Выбрать главу

В реальности и в книге так же сосуществуют прошлое, настоящее и будущее со всеми разноречиями и противоречиями быта, бытия и литературной среды.

Вторая книга Проханова создавалась, когда литературная среда, действительно, была неоднородна, в ней сталкивались непримиримые суждения об истории, слове, миссии писателя, о прошлом и будущем России. На одном фланге литературного процесса находилась деревенская проза с её тоской по уходящему патриархальному укладу, по исходу русского народа с земли, отрыву от могил предков. Почвенническое мировоззрение представителей деревенской прозы во многом ставило знак равенства между Россией и деревней. Герой деревенской прозы вне деревни растерян и потерян. Всё, что не вписывается в деревенский космос, воспринимается как знаки апокалипсиса, предстоящей гибели, как всеуничтожающий пожар.

На другом фланге литературного процесса сосредоточилась городская проза, представители которой придерживались преимущественно либеральных взглядов. Город был выведен ими как особая среда жизни и даже выживания с её новыми проблемами, обусловленными человеческой разобщённостью, одиночеством, жизнью без оглядки на день вчерашний.

Особым направлением была так называемая "производственная литература", для которой механизм и технология стали самоцелью. Здесь не было стремления увидеть в машине не механизм, а организм. Физика здесь оставалась чистой физикой, механика — механикой.

В этом Вавилонском многоголосии звучала патетика шестидесятников, как из подземелья доносились голоса литературного авангарда и ещё многое другое, что не поддавалась типизации, что невозможно было отнести к тому или иному направлению.

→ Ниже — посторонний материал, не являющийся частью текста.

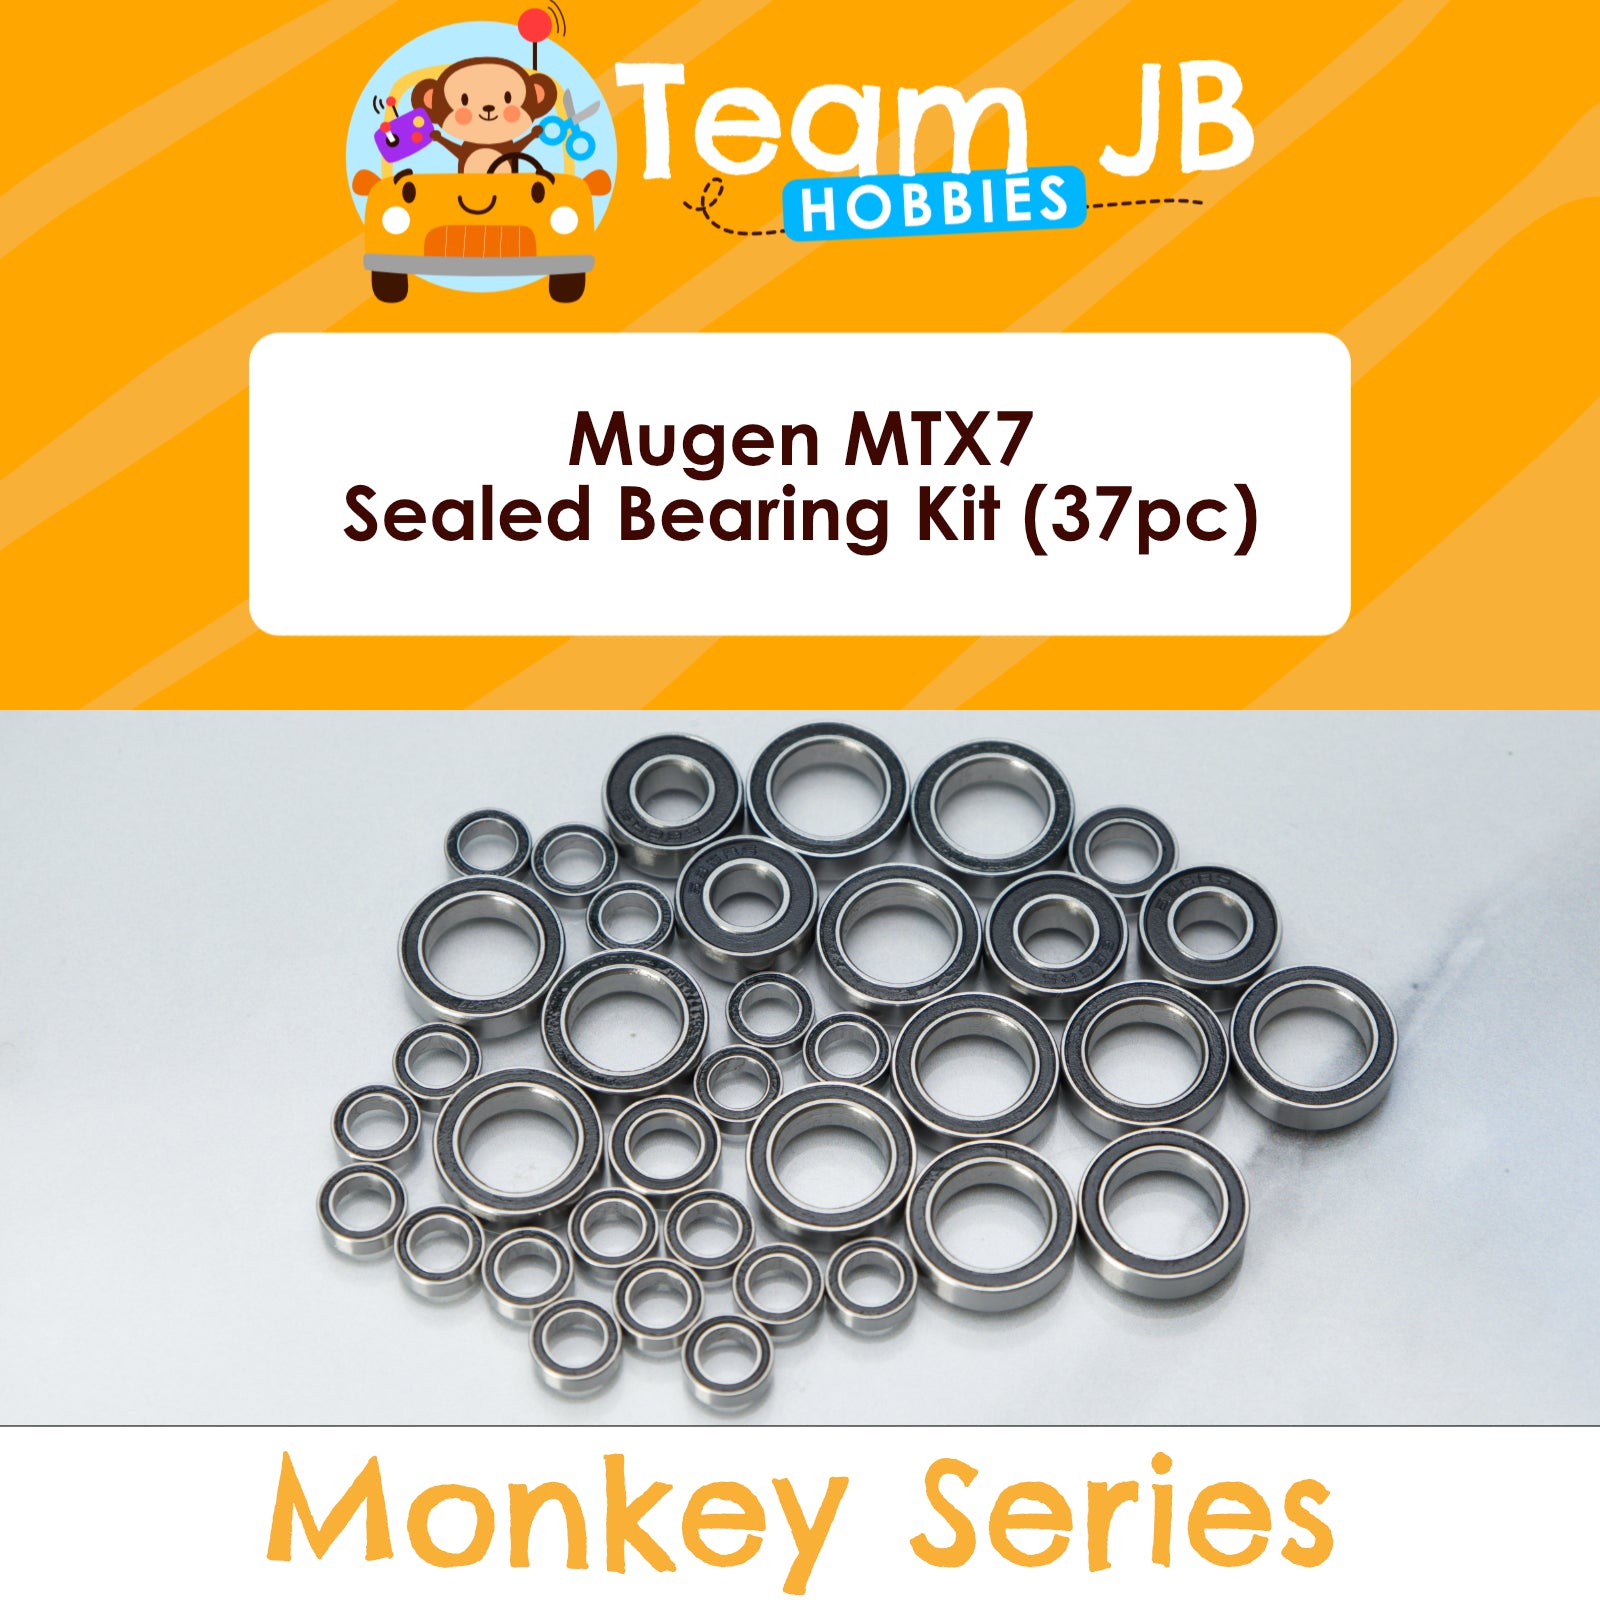 Mugen MTX7 - Sealed Bearing Kit
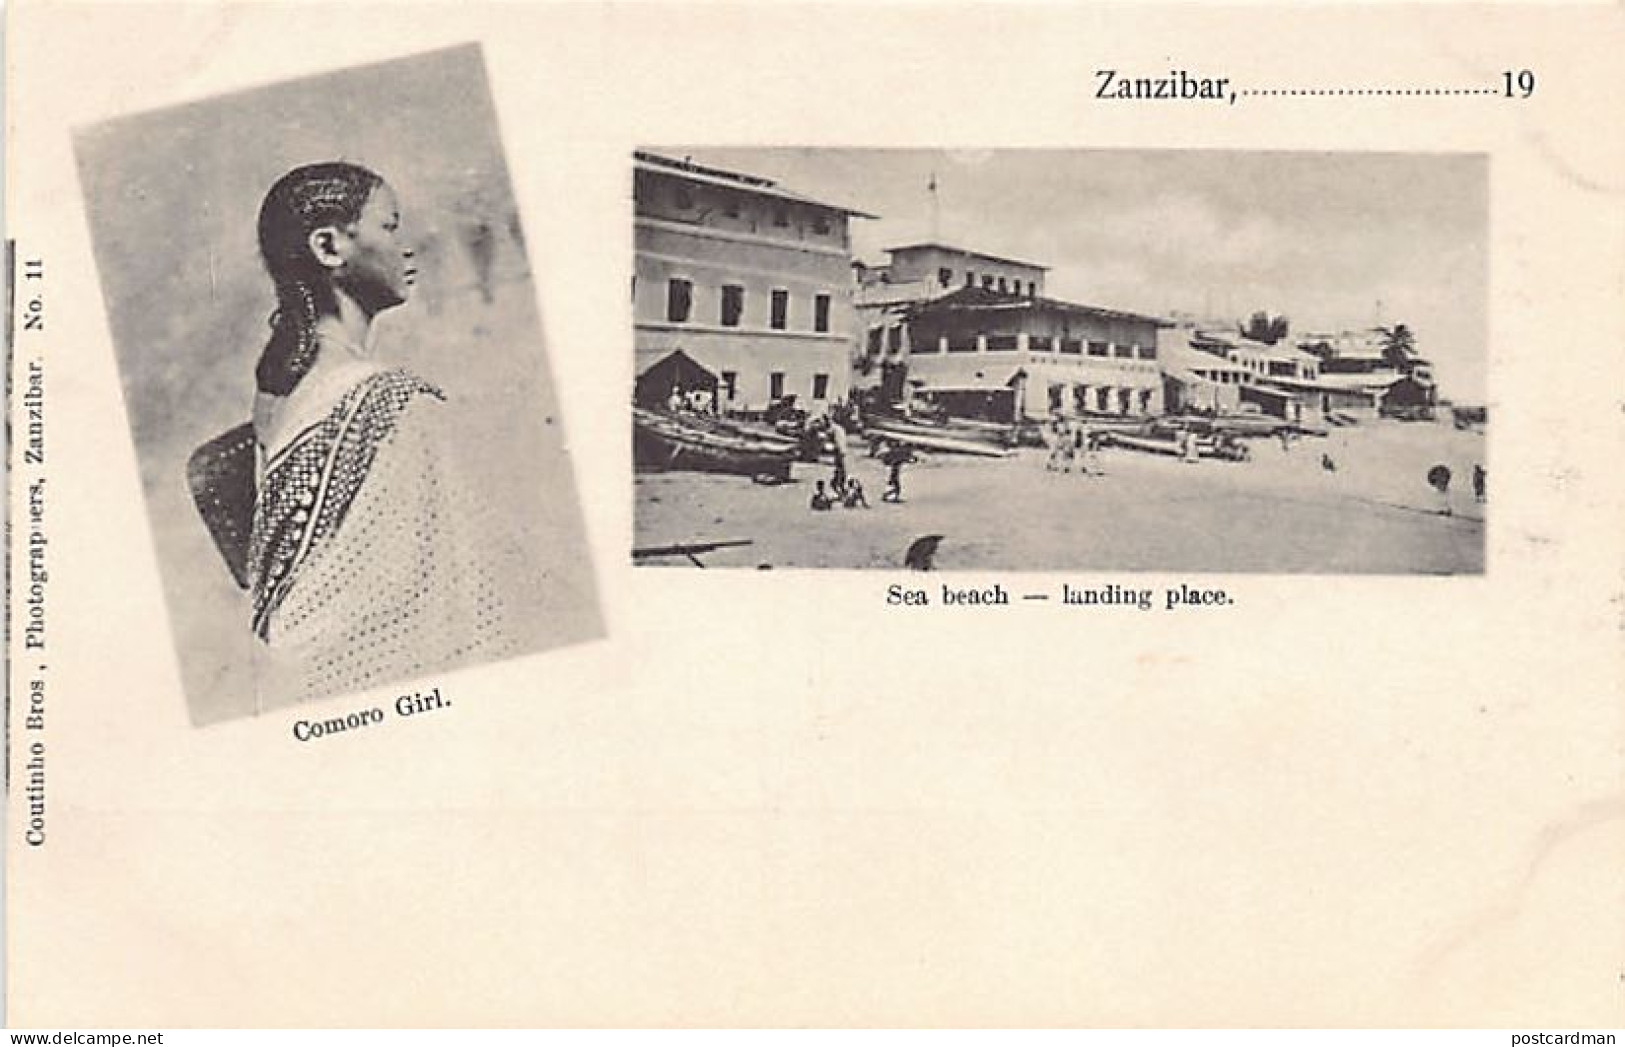 Zanzibar - Comoro Girl - Sea Beach - Landing Place - Publ. Coutinho Bros. 11 - Tansania

Молодой писатель Проханов, дистанцируясь от всех устоявшихся течений, тем не менее выхватывал из этой полифонии отдельные ноты и мотивы, синтезировал, противопоставлял и переосмысливал всё это. Но как бы там ни было, уже после первых двух книг художественный мир Проханова предстал как самобытное литературное явление.

С деревенской прозой Проханова сближали патриотизм, интерес к природе, к крестьянскому быту, труду и культуре, к деревенскому осмыслению времени, истории. Но одновременно с этим писателей-"деревенщиков" смущала в Проханове его модернистская эстетика, воспевание машины. Проханов же, одухотворивший машину, в последующих книгах описавший советскую техносферу как единый живой организм, имел иное представление о будущем русской цивилизации. В своих первых повестях и рассказах о деревне он никогда её не хоронил, не стремился остановить мгновение, осознавая неудержимость прогресса, потому и сумел примирить деревню и машину в "Трактате о хлебе", вошедшем ещё в первую книгу: "Машина оторвала крестьянина от нивы, подняла его в кабине высоко над землей, и в крутящемся мотовиле канули навсегда звонкая игра серпов, хруст снопов, голубые дымы над ригами, стуки цепов и песни о хлебе насущном". А уже во второй книге и себе, и представителям деревенской прозы Проханов открыто скажет о том, что движение с постоянной оглядкой на прошлое неминуемо заведёт в тупик: "Нужно мужество, чтобы не кинуться в бегство, не искать отлетевший дух на древесных венцах, на истлевших коньках, на щербатых плитах церквей. Тут воля, воля нужна, ощущенье своей сверхзадачи, весь дух, интеллект, абсолютный контакт с новизной. Вот таких новая реальность примет, на таких она будет держаться, такие поймут её яростный смысл…"

Несмотря на то, что именно "горожанин" Юрий Трифонов предугадал большой литературный путь Проханова, дал старт его первой книге — Проханов во многом оказался антиподен и городской прозе. Так, Москва у Проханова — это не просто конкретный город, существующий здесь и сейчас, со своими семейными ссорами, любовными многоугольниками и квартирными вопросами. Москва Проханова — это "вечный город", живущий одновременно во времени и пространстве: "Он любил этот вечный город с огромной, уходящей в безбрежность памятью, глухой, но родной и понятной, пестревшей пожарищами, белой хоругвью князя, голубой треуголкой с плюмажем. Он нёс о Москве не знанье, а безымянное, просторное чувство родства со всем ушедшим и бывшим, но не исчезнувшим, а сокрытым в лоне вечного города, как те чёрные избяные венцы, золочёный всадник с копьём, бьющий медного змея". Старая Москва проступает разными ликами в новой Москве, как древняя икона, хранящая на себе вековые слои подновлений.